Turkey photograph by Gerry Lemmo

When I came around the steep curve on Route 9N about a mile from Elizabethtown, I hit my brakes hard and leaned on my horn. This inspired the rafter of 25 or so wild turkeys loitering in front of me to run in every direction except off the road. I managed to stop about 15 feet shy of the flock, stabbed the emergency flasher button, jumped out of the car and charged the turkeys, which ran all over the road until I heard the explosion of air brakes 50 yards behind me followed in milliseconds by the apocalyptic blast of a giant air horn.

The birds ran hell for leather into tall grass on the side of the road and disappeared as the truck driver, smiling ear to ear, gave me thumbs up. Twenty minutes later, on the way home, I had to get out of the car to flush the birds again. As spring and summer progressed I saw more wild turkeys than I could believe, in places I would never have imagined them.

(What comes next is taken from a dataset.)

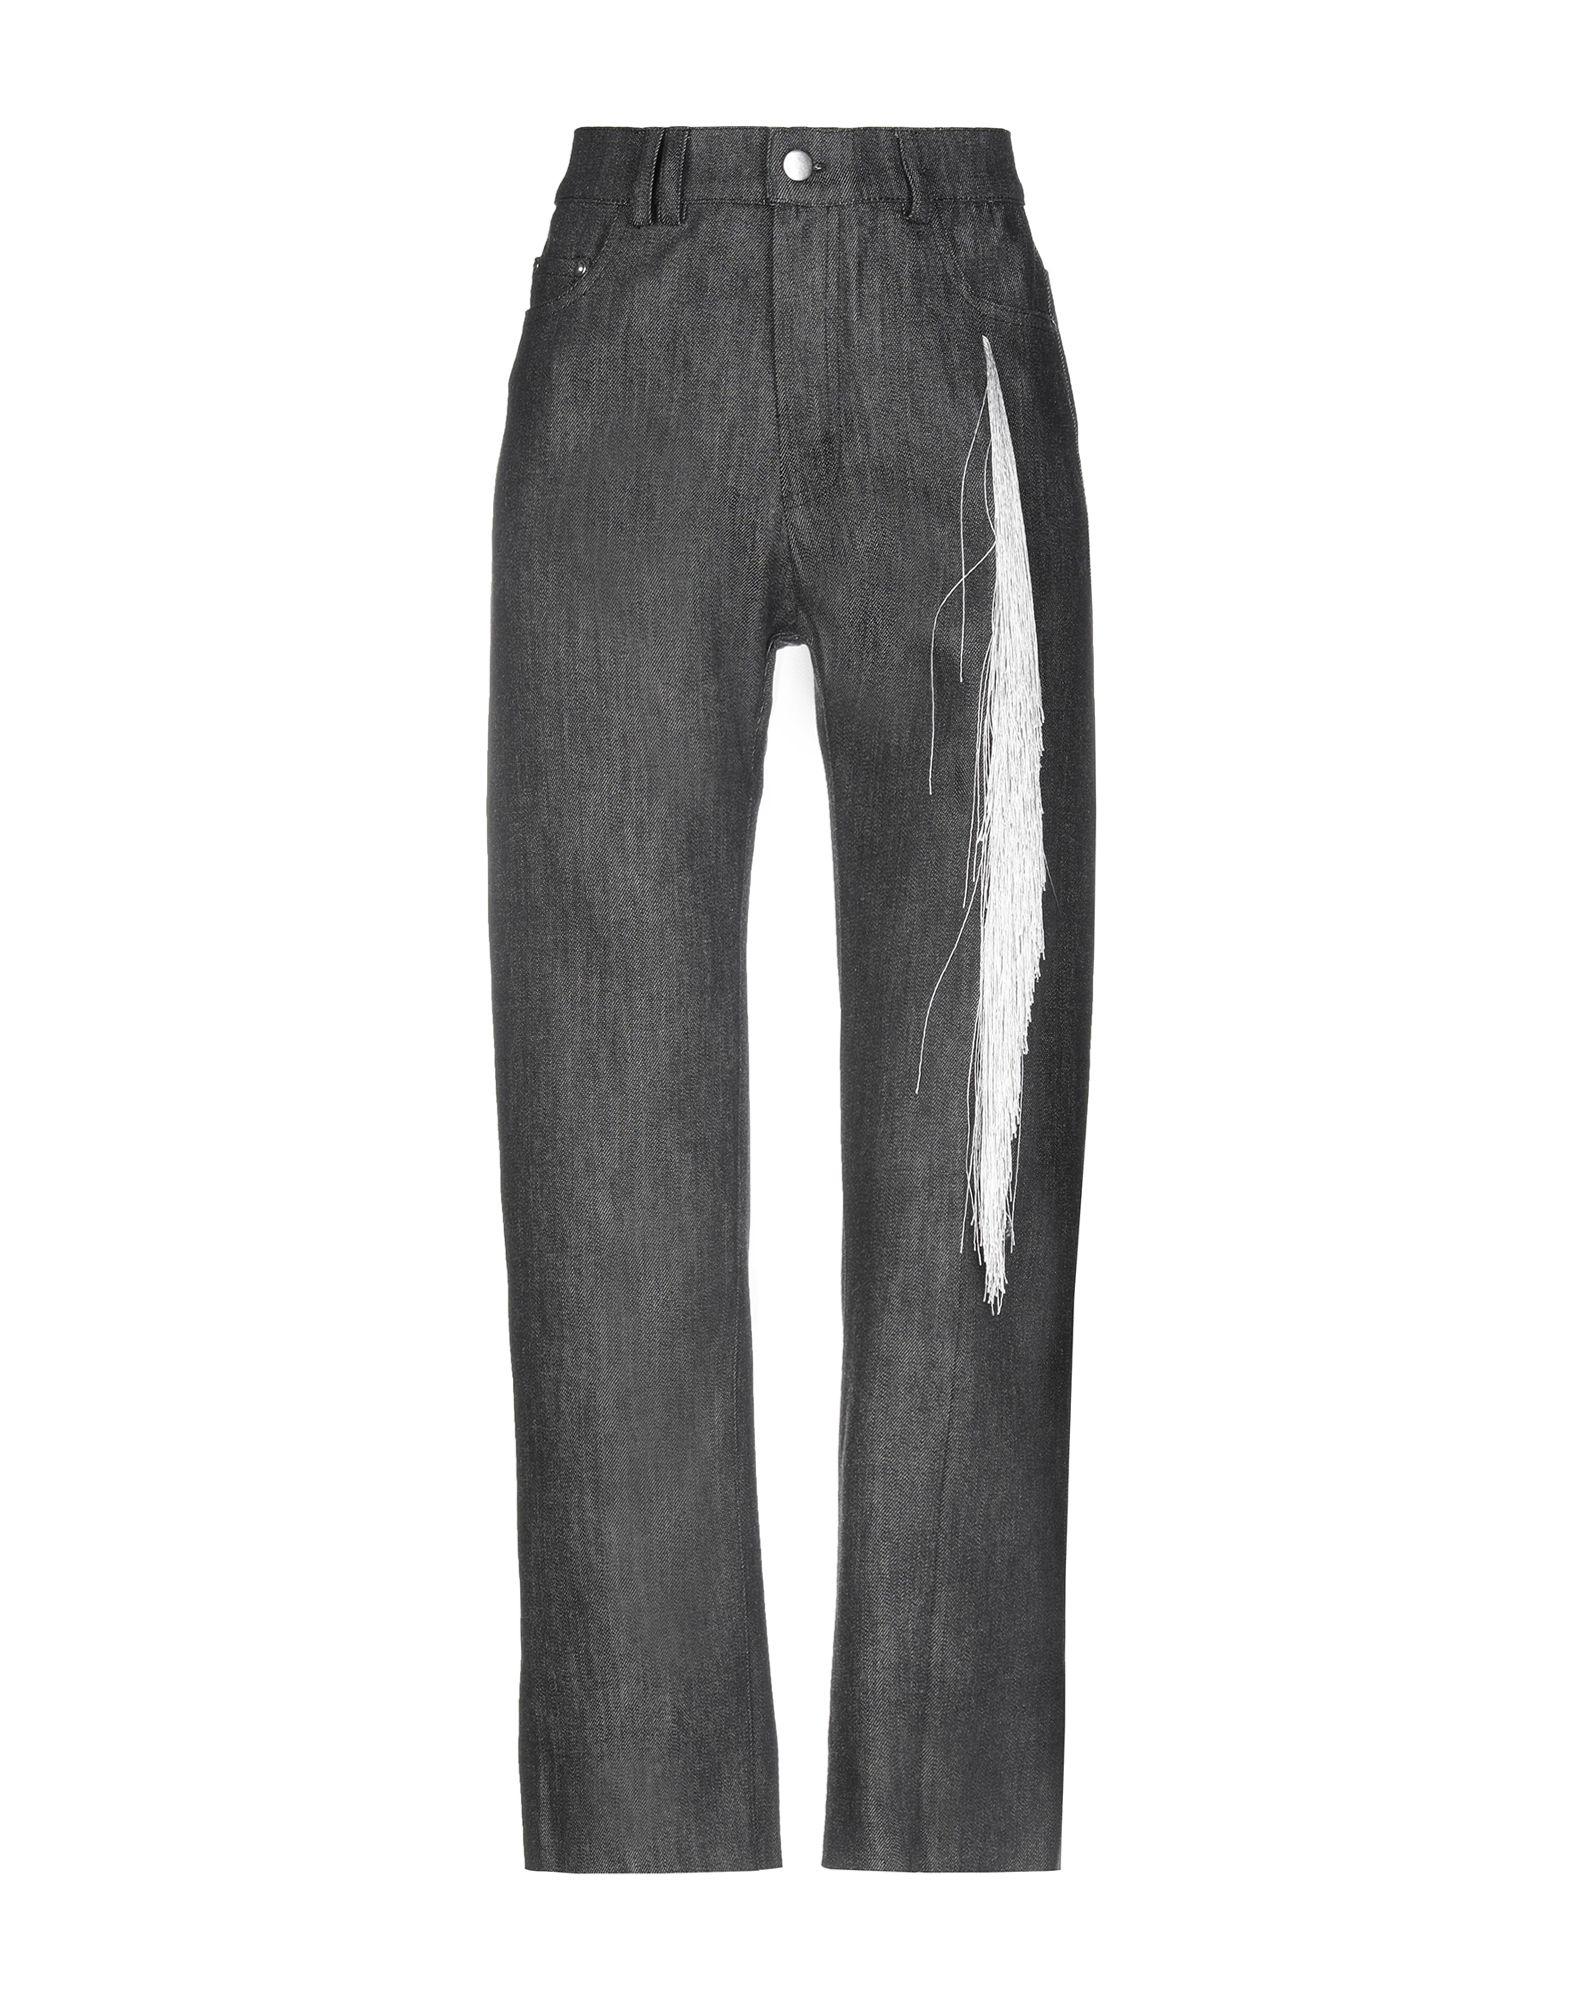 Pantaloni Jeans Act N°1 donna - 42698330RB 42698330RB  hier hat das neuste

Extirpated from the Northeast by hunting and habitat loss by the mid-19th century, wild turkeys (Meleagris gallopavo) held on in remote wilderness areas of the Appalachian and Cumberland pla­teaus, from where they slowly made it into extreme southwestern New York. Since the 1920s wild turkey populations have risen exponentially, from approximately 100,000 to 1,250,000 in the Northeast, a dramatic increase that owes itself to one of the most successful wildlife reintroduction programs in the United States.

After attempts to release farm-raised birds into the wild failed (they proved insufficiently hardy), wildlife managers trapped wild turkeys in areas with healthy populations and relocated them in suitable forest habitat. Tough and adaptable, wild turkeys prefer woodlands with adjacent fields. They scratch the forest floor looking for acorns and other mast, and march abreast across open fields in search of grasshoppers. Newly hatched turkeys need almost instant access to insects.

Females have an average of 12 chicks, or poults, so populations can grow rapidly in a particular region. This year’s extremely mild, relatively snowless winter significantly re­duced wild turkey mortality: they can forage effectively in six inches of snow, but 12 inches shuts them down and they tend to roost in trees for days rather than try to feed.

Though strong fliers, turkeys spend the majority of their lives walking, which they do as soon as they hatch. The fe­males do all the parenting, taking care of young males through the fall and young females through early spring. Young males disperse in search of territory unoccupied by another male, and wild turkey populations tend to expand their range by about four miles a year.

The reintroduction program began in the late 1940s, and by the 1970s New York’s population had expanded sufficiently in number and range that the Department of Environmental Conservation began trapping birds for reintroduction in Vermont, which now has a healthy, sustainable flock of expatriate New York birds.

In most of the Adirondacks hunting season for turkeys is the first part of October, from sunrise to sunset, and the birds all but disappear from the landscape. By November, the wary birds return to their favorite haunts to scuff fallen leaves for seeds, nuts and the last bugs of autumn.